Ultrasound (US) is useful but operator-dependent. US imaging is a non-invasive, cheap, and radiation-free diagnostic test which allows for dynamic evaluation. It can be used conveniently for superficial structures such as those in the upper extremity.5 For ulnar wrist pathologies, US imaging can be used to detect tendon rupture, adhesions, tendonitis, compressive peripheral neuropathy, and blood flow in the ulnar wrist. It also describes any masses or fluid accumulation.6,7
Plain radiographs of the wrist should be obtained in all patients with acute or chronic wrist pain.
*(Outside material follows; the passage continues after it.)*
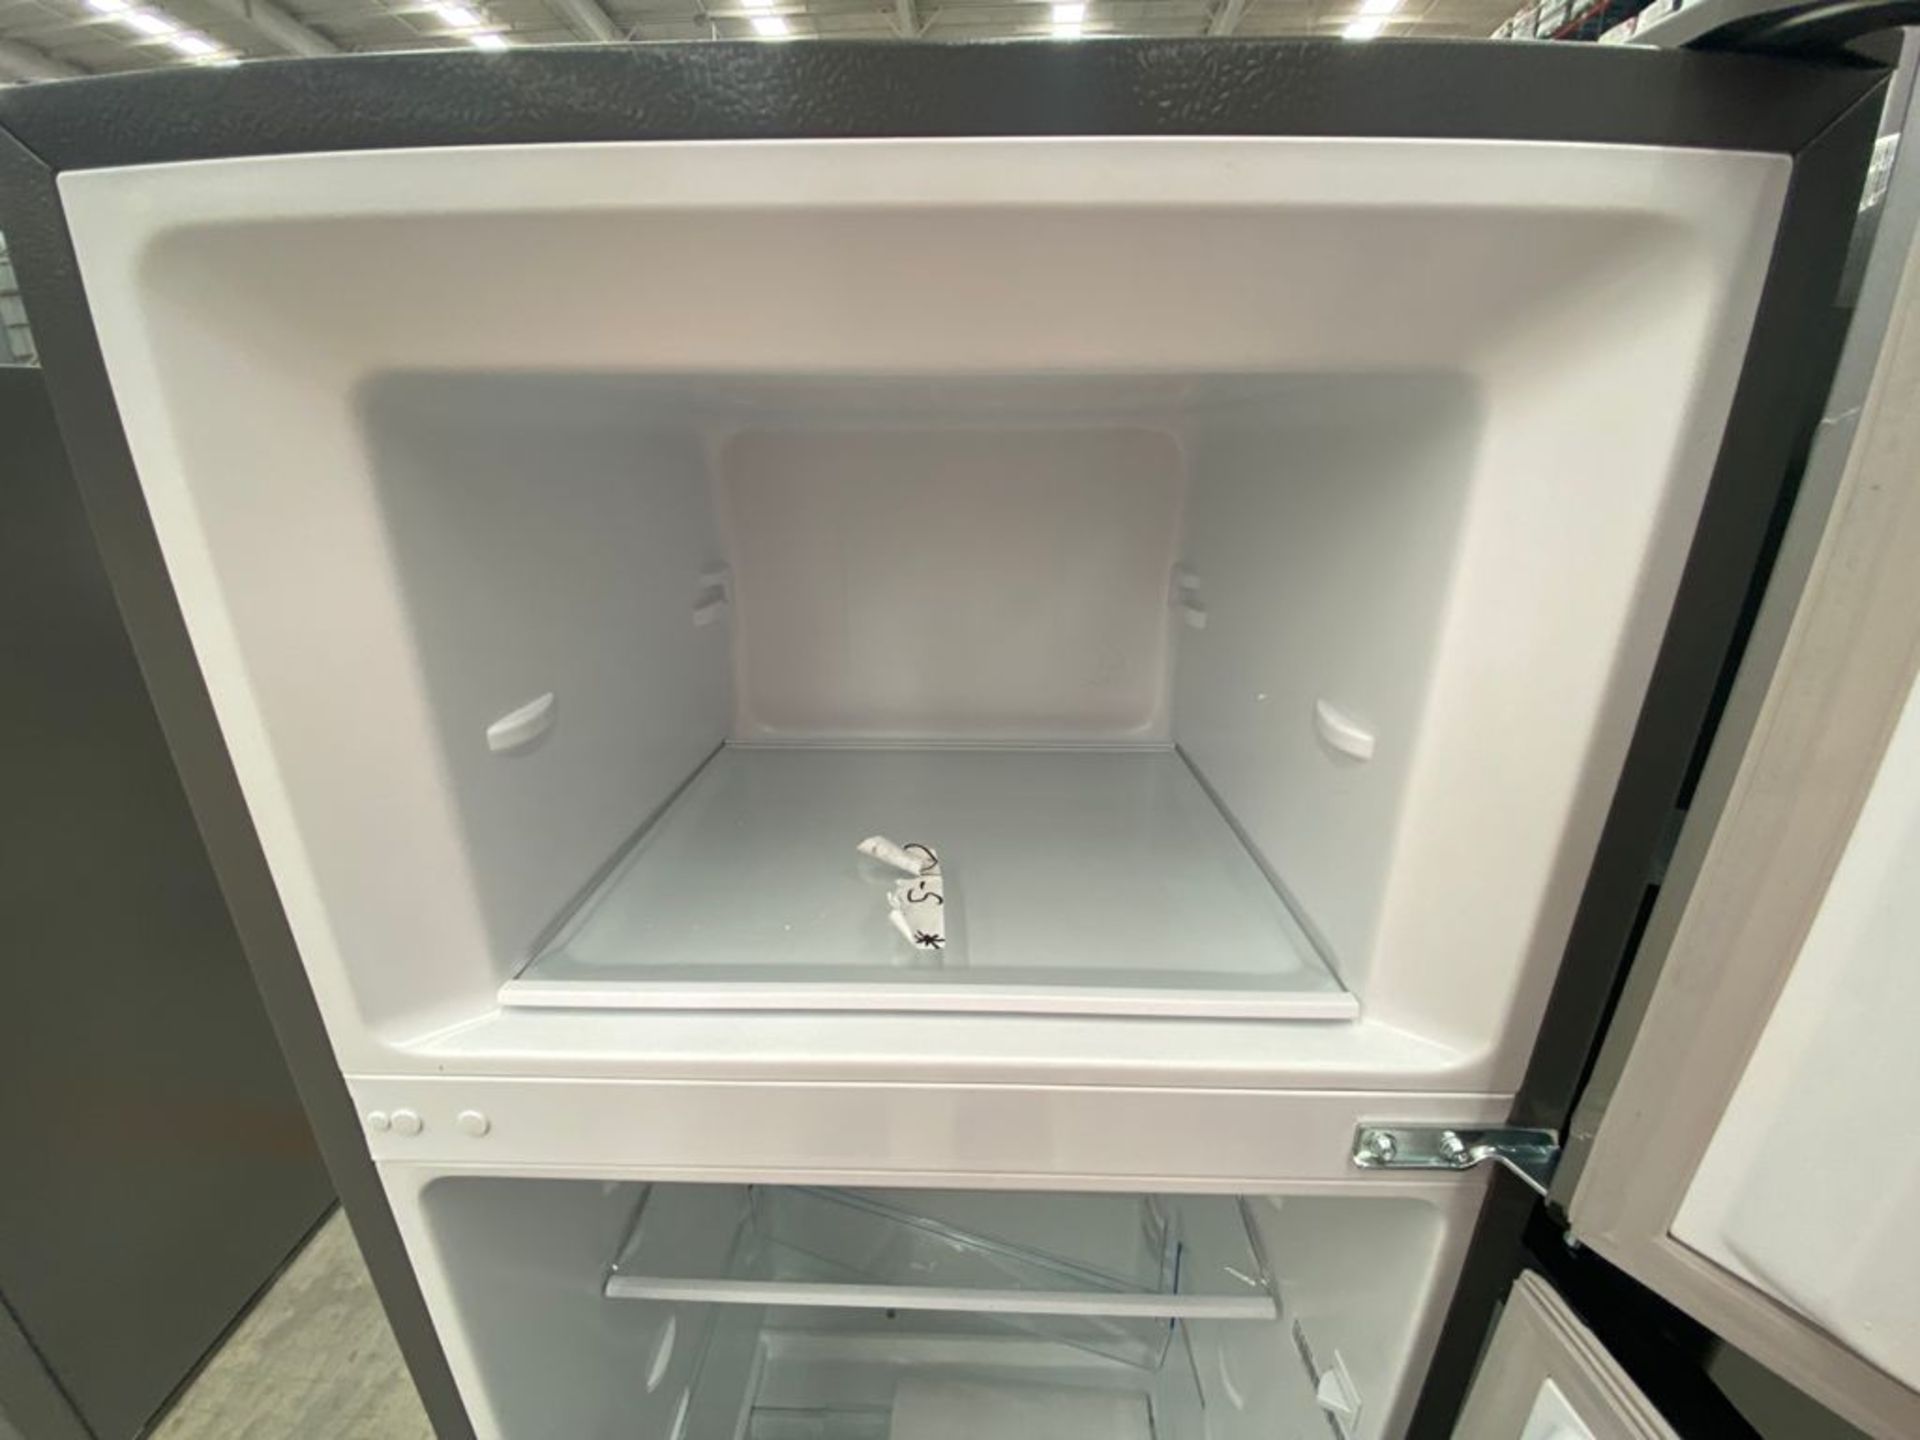 2 Refrigeradores marca Hisense color gris modelo RT80D6AWX - Image 16 of 28

Distal ulnar displacement, dorsal angulation of distal radius fractures greater than 20° mm, radius shortening greater than 5 mm, DRUJ widening, and/or ulnar styloid fracture may suggest accompanying DRUJ instability.8
Radiographs of the wrist, especially true posteroanterior views (shoulder abducted to 90°, elbow flexed to 90°, and forearm at neutral rotation), are important in measuring the ulnar variance, and lateral views (the palmar aspect of the pisiform is at the central third of the interval between the volar cortex of the scaphoid tubercle and the volar capitate)9 are the first steps in the imaging process. Specialized imaging should be considered based on the suspected pathology. When pisiform pain is elicited, the piso-triquetral joint can be scanned with a lateral wrist view, and the wrist is supinated at 30° to align the joint with the X-ray beam. The carpal tunnel view is also important in suspected hook of hamate fractures.8
Fluoroscopy is beneficial for assessing dynamic instability that manifests as aberrant carpal motion in individuals who report an abrupt shift or clunk with wrist deviation. In lunotriquetral (LT) ligament injury, when the wrist moves from radial to ulnar deviation, the triquetrum catches up and extends.1
CT can help diagnose undetectable carpal fractures. For DRUJ pathologies, both wrists must be assessed with the forearm in the same position, and imaging in a neutral position, pronation, and supination may be required. Bilateral axial CT can be used to assess the DRUJ congruency.
MRI enhanced the evaluation of ulnar wrist pain. It helps define the soft tissue anatomy and osseous pathology. Regarding the identification of TFCC tears, MRI10 has a sensitivity of 100% and a specificity of 90% for the detection of a tear, but only a specificity of 75% for the detection of the tear location. Haims et al11 discovered a decreased sensitivity of MRI using a 1.5-T magnet (54% to 73%). The stronger MRI magnets improve the diagnostic sensitivity and specificity for TFCC tears.12 Using a 3-T magnet, Magee detected TFCC tears with a sensitivity of 89% and a specificity of 100%.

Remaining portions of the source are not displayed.